- - Friday, September 16, 2011

By Elizabeth Speller
Houghton Mifflin Harcourt, $26, 448 pages

By Maureen Jennings
McClelland and Stewart, $22.95, 416 pages

The mood of London in 1920 reflected not only relief at the end of a devastating war but a psychological hangover that afflicted many who fought in it. In “The Return of Captain John Emmett,” Elizabeth Speller has captured the darkness of the era in a poignant prologue describing villagers gathered in darkness to see the passing of a train bearing a flag-draped coffin.

One of the tragic survivors of the war is a young officer, Lawrence Bartram, who is haunted by the memory of his giving an order to advance to his troops in France at the same time his wife and baby son were dying in England. Financially comfortable, Bartram turns into a postwar hermit and his only link to the world around him is with an old school friend, Charles.

A wealthy and pragmatic man, Charles symbolizes the kind of soldier who regarded dangerous military service as “kind of a lark” that almost killed him but also released him from the boredom of managing his family businesses. He is a comfort and a reminder of realism to Bartram. Yet what wrenches Bartram out of his mourning is a letter telling him of the suicide of another wartime friend, Capt. John Emmett. Mary Emmett breaks the news of her brother’s death in what is clearly a call for help. Bartram responds, and in so doing finds himself embroiled in a morass of bitterness and murder. His suspicions are aroused when the circumstances of Emmett’s death suggest it is a questionable suicide. The situation is further complicated by a link to the execution of a British sergeant for desertion, in which Emmett played a crucial role.

Bartram’s investigation leads him to Tresham Brabourne, a Fleet Street newspaperman and military veteran who recalls the shooting of the sergeant as “a complete travesty of justice and dignity.”

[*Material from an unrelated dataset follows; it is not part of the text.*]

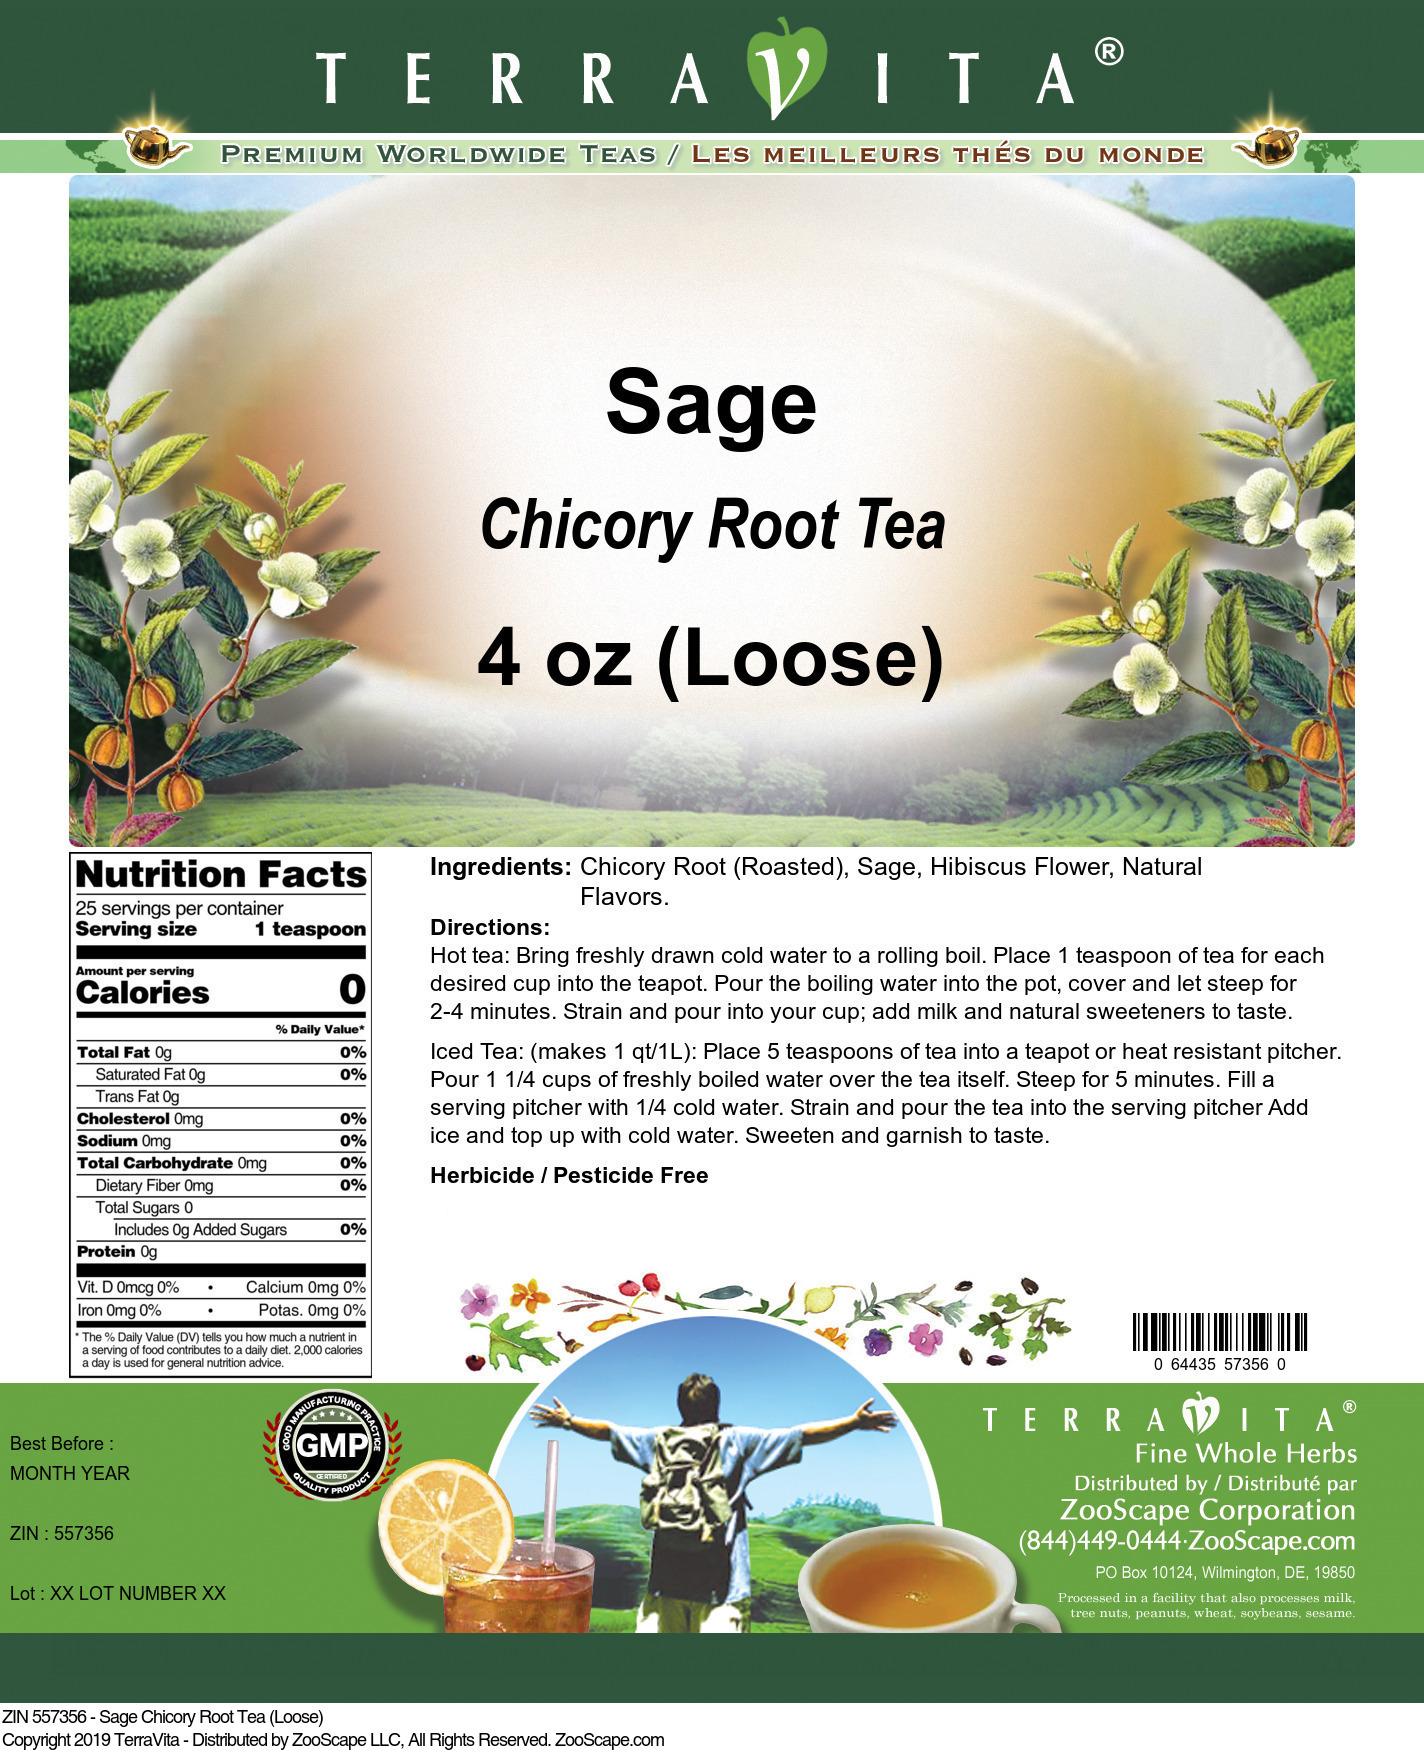 Sage Chicory Root Tea (Loose)

Ms. Speller unwinds her plot with skill, moving between a war-scarred peace and the misery of life in the trenches of France. Bartram’s life is revived, somewhat ironically, as he retraces history, tracking the truth that lies behind the death of Emmett that proves to be murder. Even when he finds himself in love with the dead man’s sister, he is confronted again by the specter of the war, which rises to prevent a happy ending.

As in most books about World War I, there is deep sadness in recollections of the combat and the terrible toll taken on the British people in the wake of the stupefying numbers of dead and wounded. It was a war that savaged a generation and from which the nation had barely recovered when it was plunged into World War II.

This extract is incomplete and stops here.